- Information provided
_____
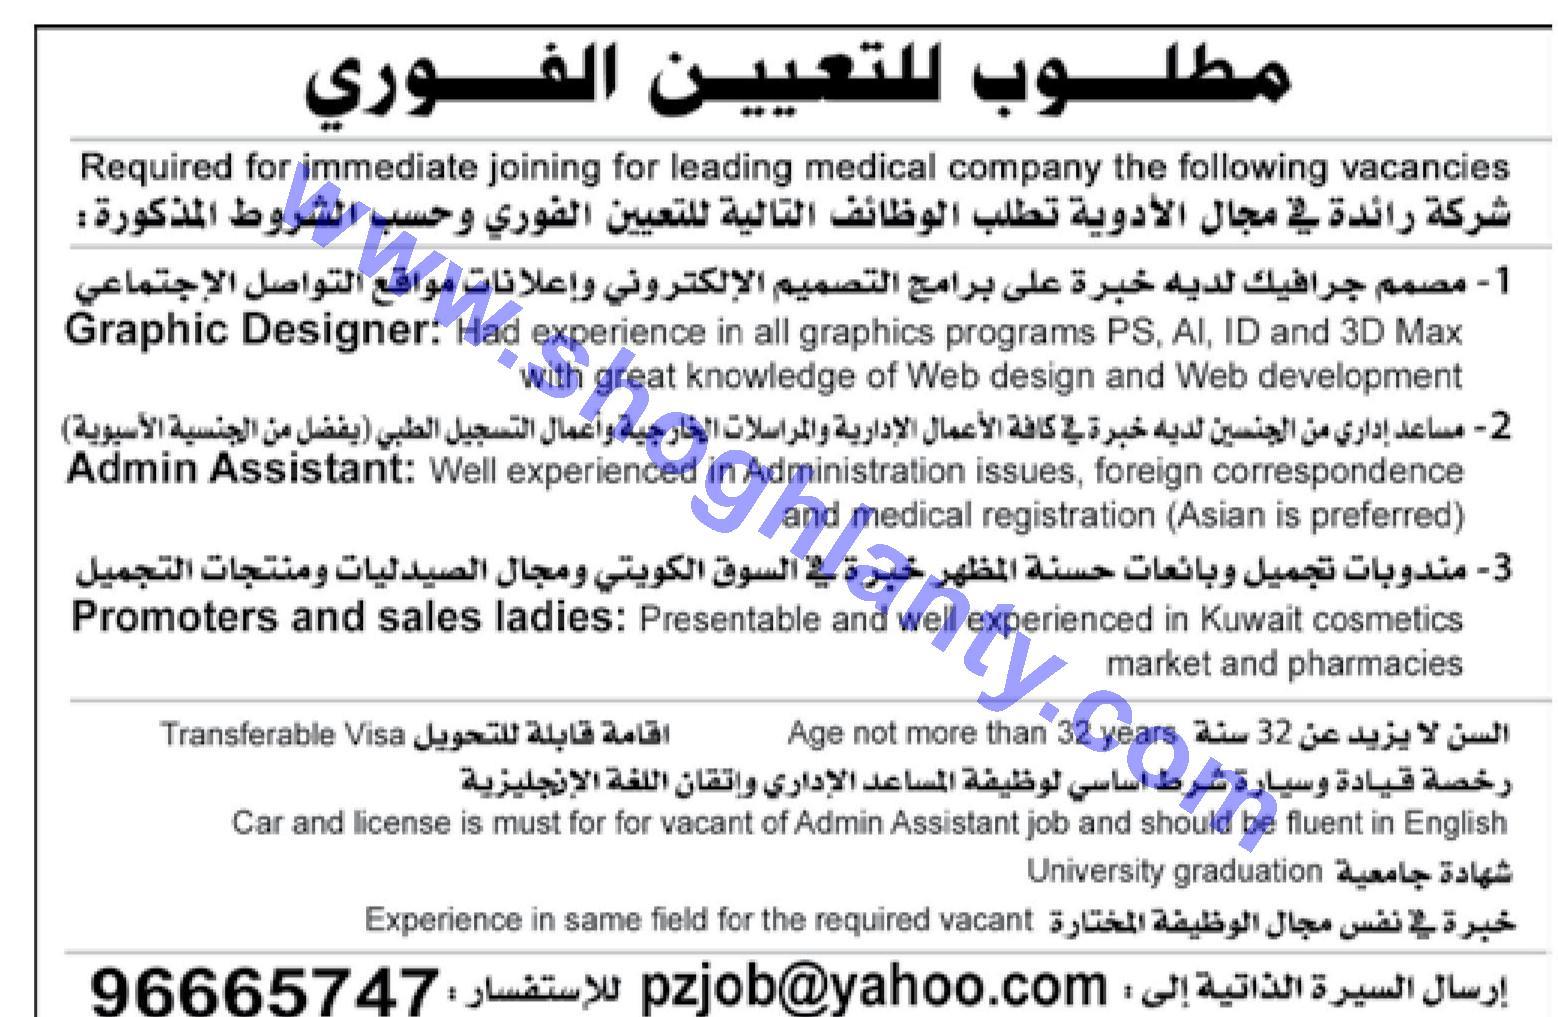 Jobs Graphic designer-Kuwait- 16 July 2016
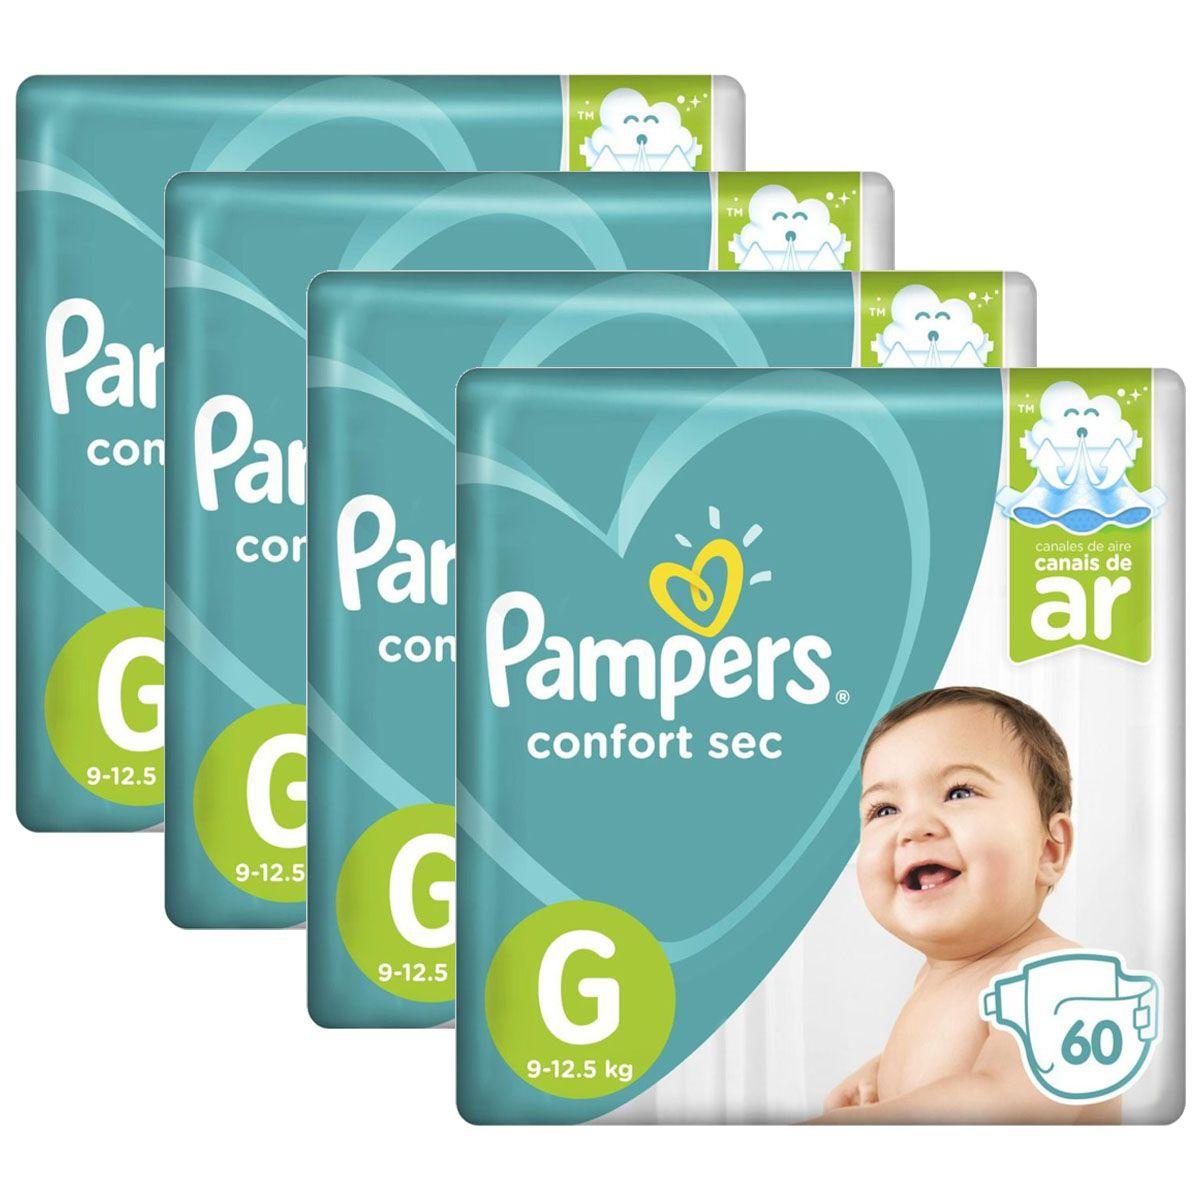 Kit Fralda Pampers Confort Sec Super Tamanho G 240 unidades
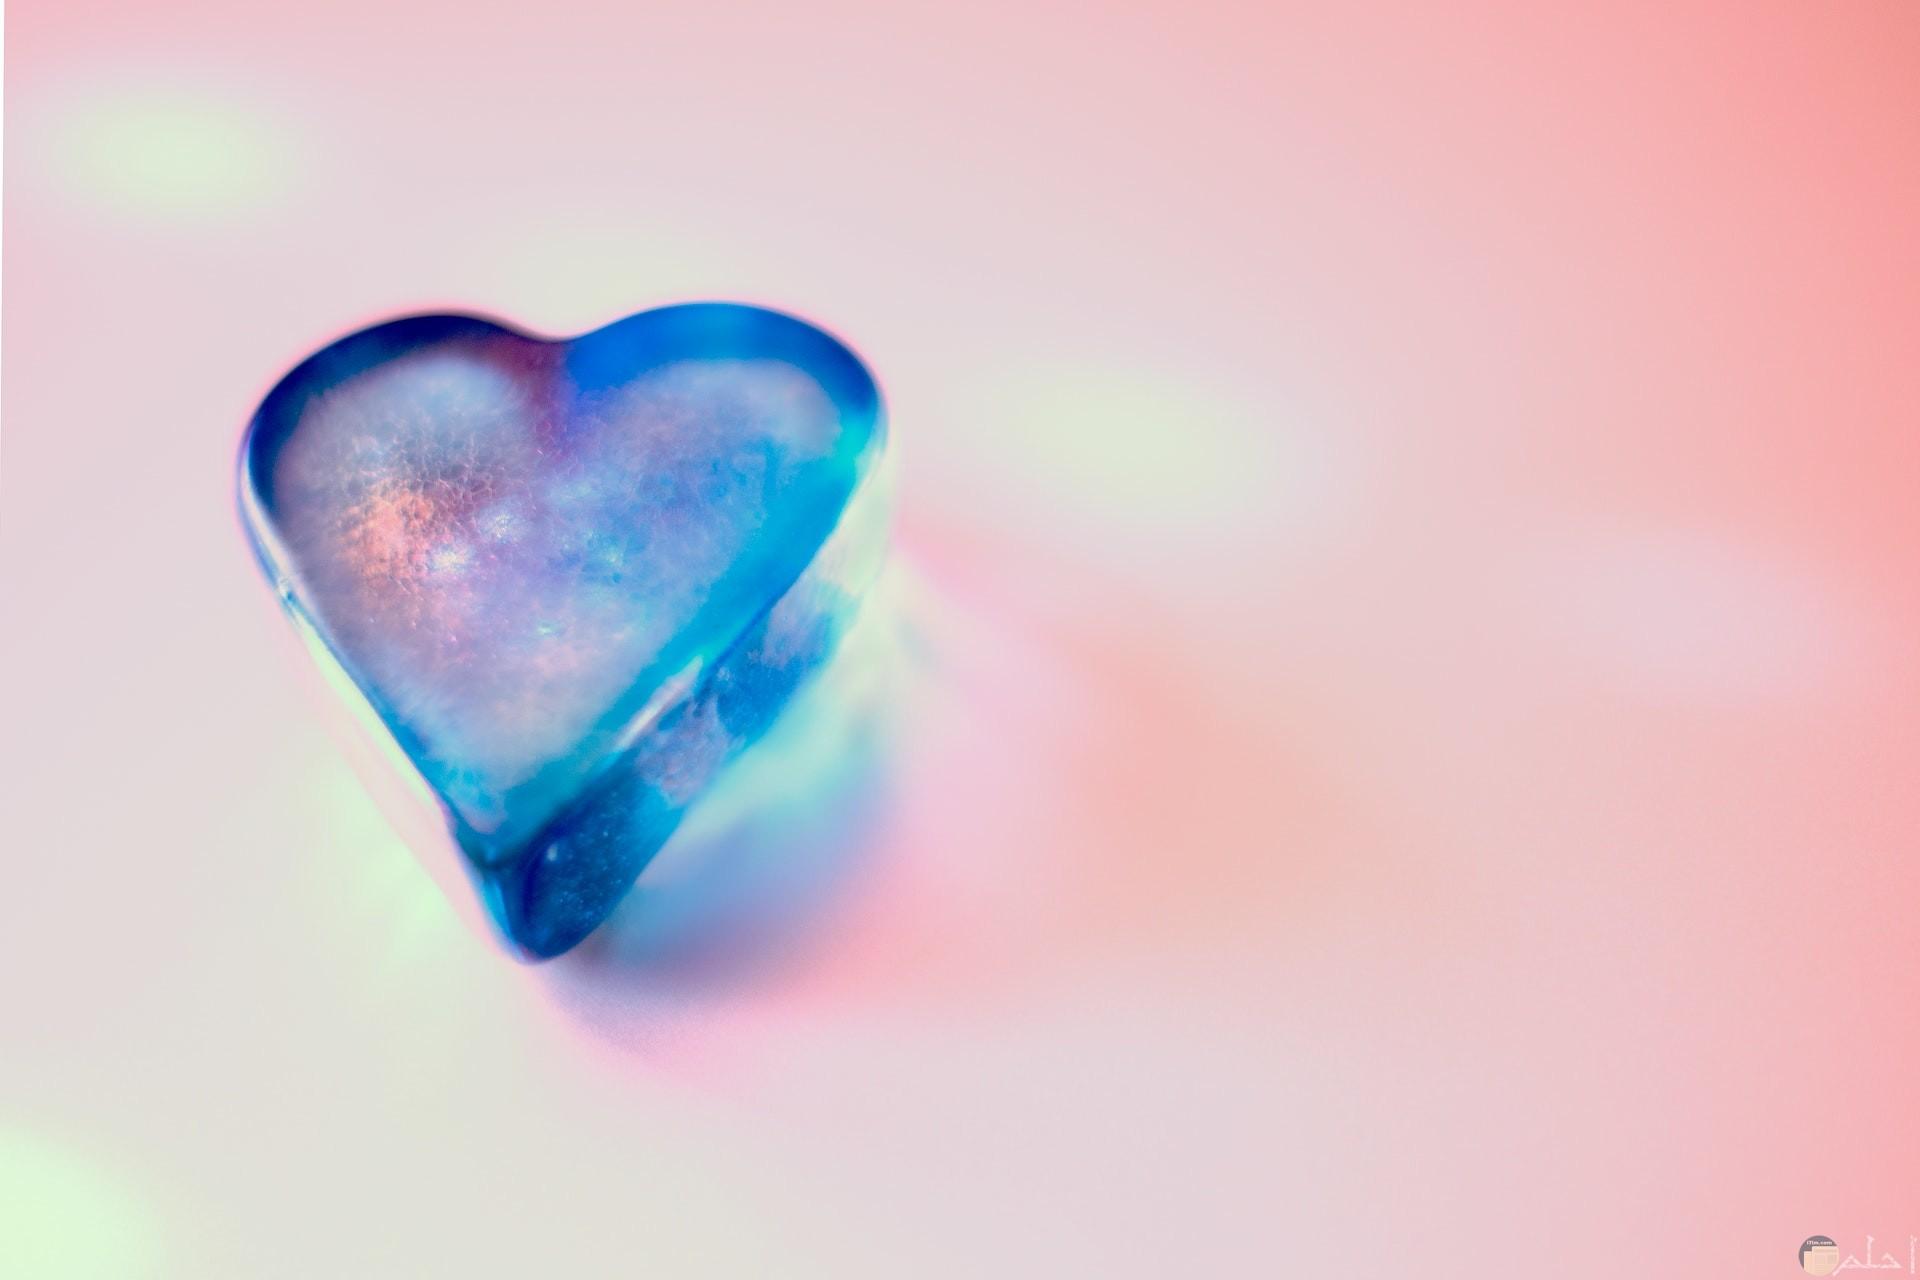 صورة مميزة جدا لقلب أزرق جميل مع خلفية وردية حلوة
_____
- Instructions to follow
Please repeat the lines above from the line containing "Kit Fralda Pampers" through the final line, both included, exactly as they stand and without pictures.

- Completed task
 Kit Fralda Pampers Confort Sec Super Tamanho G 240 unidades
 صورة مميزة جدا لقلب أزرق جميل مع خلفية وردية حلوة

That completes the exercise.